__What to do__. Once you reach the line that holds "5 alternativas de" in the listing below, output it and every line after it through the line that holds "come fare il", word for word.

__Data shown__.
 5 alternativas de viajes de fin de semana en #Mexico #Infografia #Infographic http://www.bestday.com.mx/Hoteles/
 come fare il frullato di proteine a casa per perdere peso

---

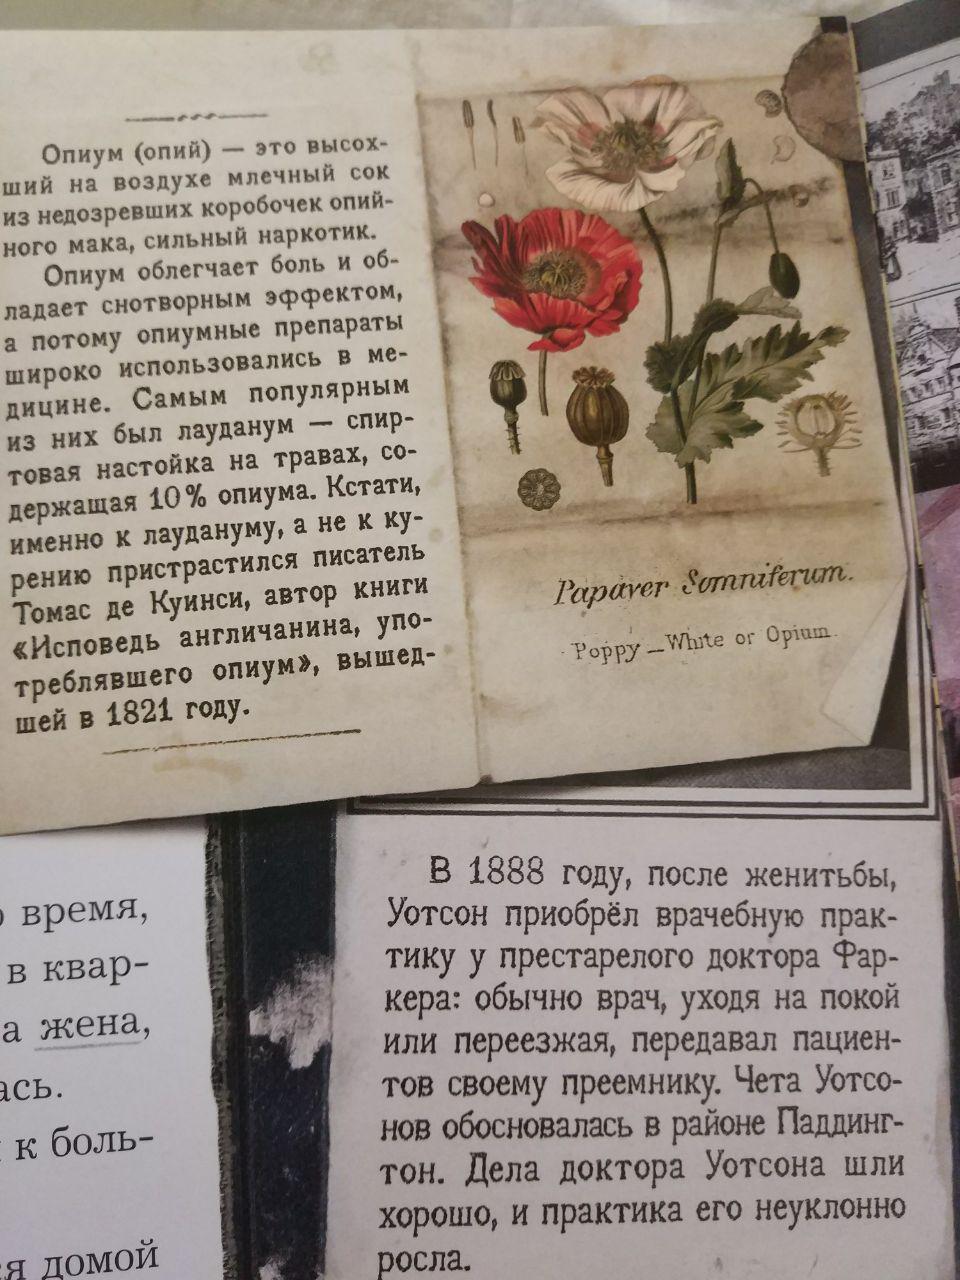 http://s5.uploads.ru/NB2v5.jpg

...

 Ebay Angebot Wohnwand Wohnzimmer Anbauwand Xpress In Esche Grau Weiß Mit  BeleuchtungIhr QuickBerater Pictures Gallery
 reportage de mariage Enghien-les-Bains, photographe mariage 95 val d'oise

__Reply__.
 5 alternativas de viajes de fin de semana en #Mexico #Infografia #Infographic http://www.bestday.com.mx/Hoteles/
 come fare il frullato di proteine a casa per perdere peso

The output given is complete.